Dara ini harus diberitahu, akan tetapi ia tidak tega untuk menghacurkan hati
yang sudah parah itu, hati yang penuh kedukaan karena sckaligus kehilangan ayah
bunda. Dia sendiripun kehilangan ibu kandungnya, yang katanya tewas oleh musuh.
Akan tetapi kedukaan hatinya tidaklah begitu besar karena ia belum pernah
bertemu ibunya, tidak tahu bagaimana rupa ibu kandungnya. Ia lebih berduka
karena kenyataan bahwa Ayu Candra adalah adik tirinya, satu ibu!
"Joko..........!"
Ayu Candra berbisik tanpa mengangkat mukanya yang bersembunyi di dada Joko
Wandiro.
"Ada Apa,
Ayu?"
"Engkau
mendengar semua pesan ayah kemarin?"
"Aku
mendengar, Ayu."
"Joko
engkau tahu bahwa kini aku tidak punya siapa-siapa lagi.... " ia terisak
lalu menyambung,
".......
aku sebatangkara di dunia........ aku hanya... hanya punya.... engkau, Joko.
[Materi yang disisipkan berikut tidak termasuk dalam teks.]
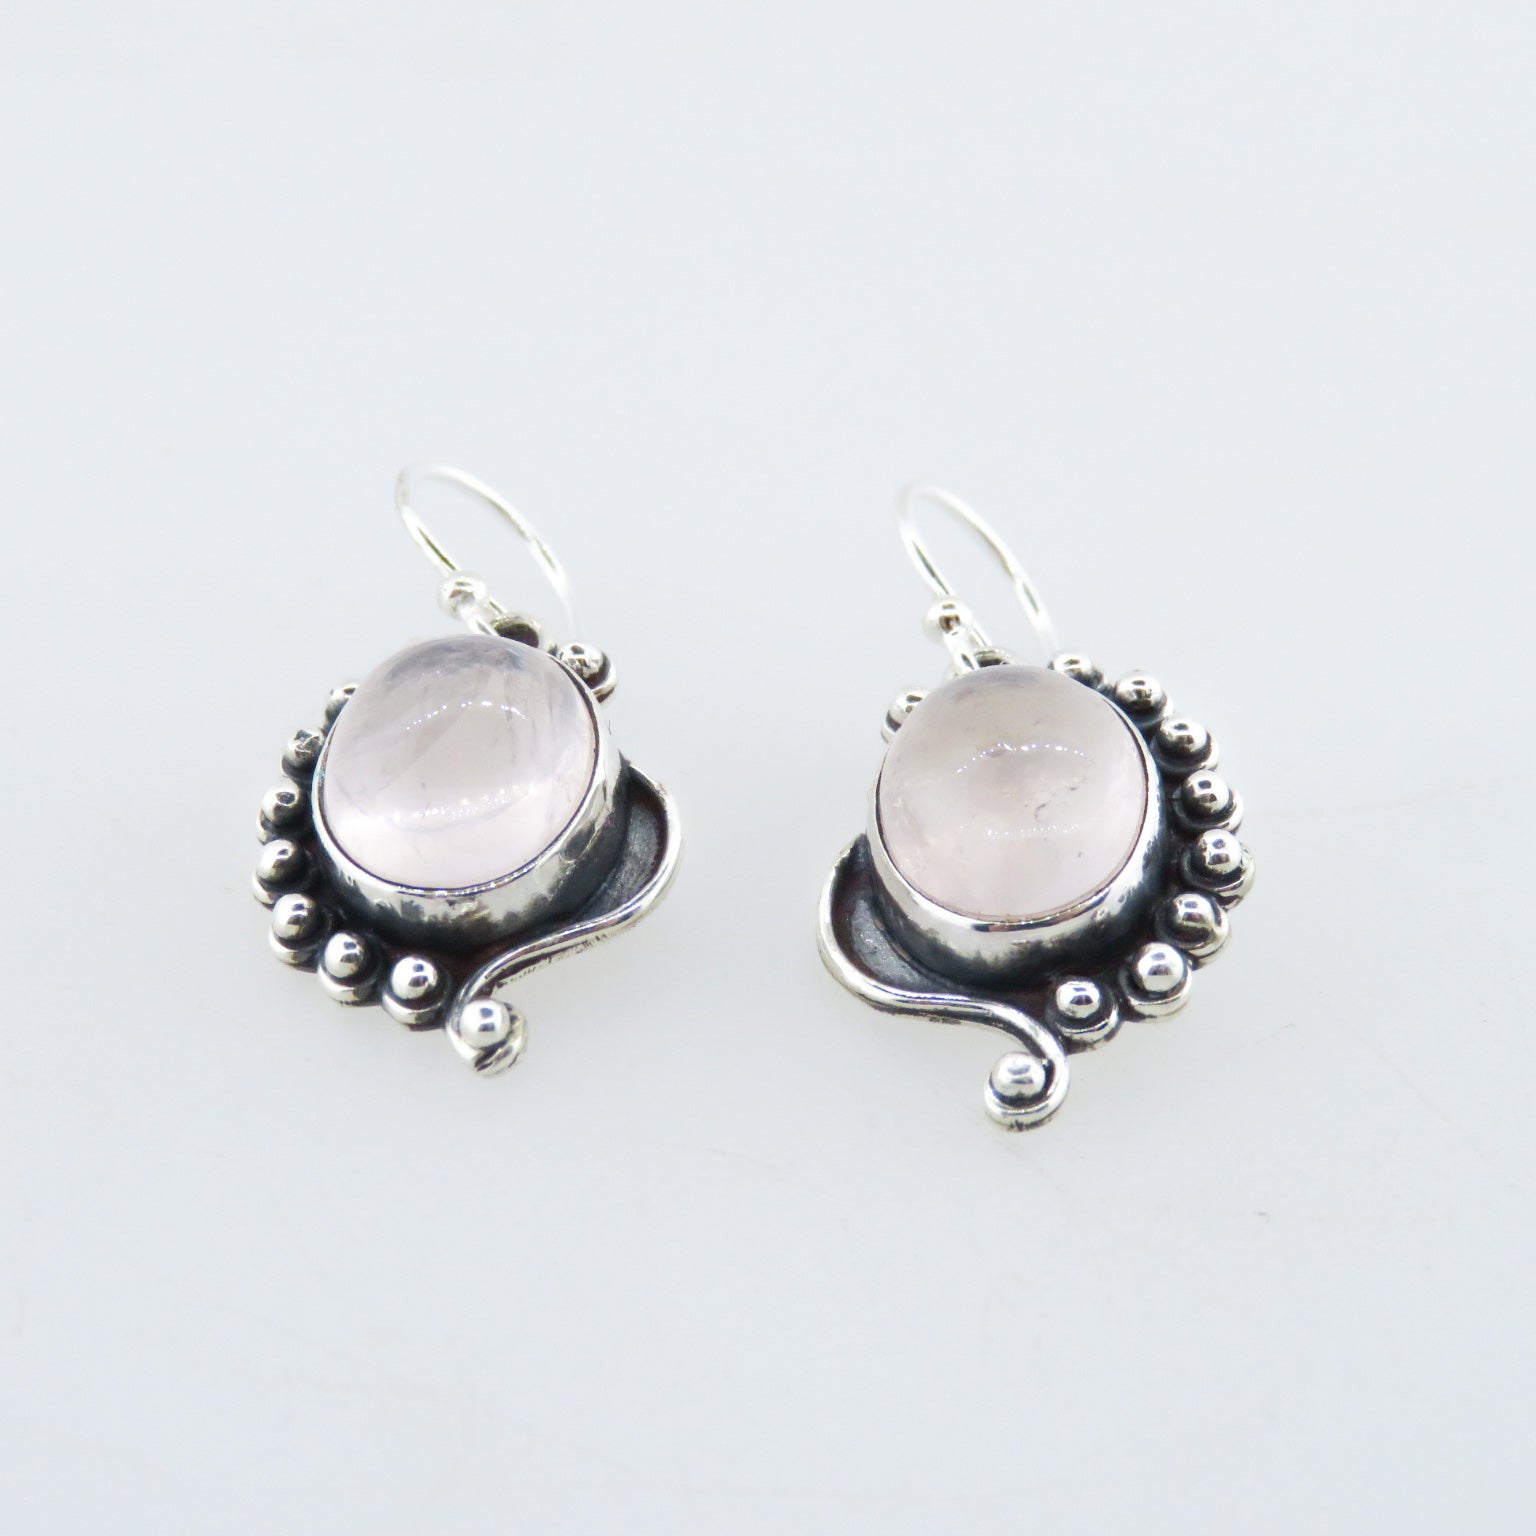 Rose Quartz Earrings with Sterling Silver

Katakanlah, Apa yang harus kulakukan sekarang?"
Berdebar
jantung Joko Wandiro. Bagaimana ia harus menjawab? Ia masih tidak tega untuk
membuka rahasia yang akan menghancurkan hati dara itu. Karena itu ia
mengalihkan kepada soal lain.
"Apa yang
harus kaulakukan, Ayu? Kurasa sementara ini tidak ada apa-apa. Aku setuju
dengan pesan ayahmu bahwa kita...... eh, kau tidak perlu mencari musuh, tidak
perlu memperbesar permusuhan." Sebagai murid Ki Patih Narotama, tentu saja
Joko Wandiro sudah mendapat gemblengan batin yang hebat sehingga ia dapat
mengatasi rasa dendam karena kematian ibunya dibunuh orang.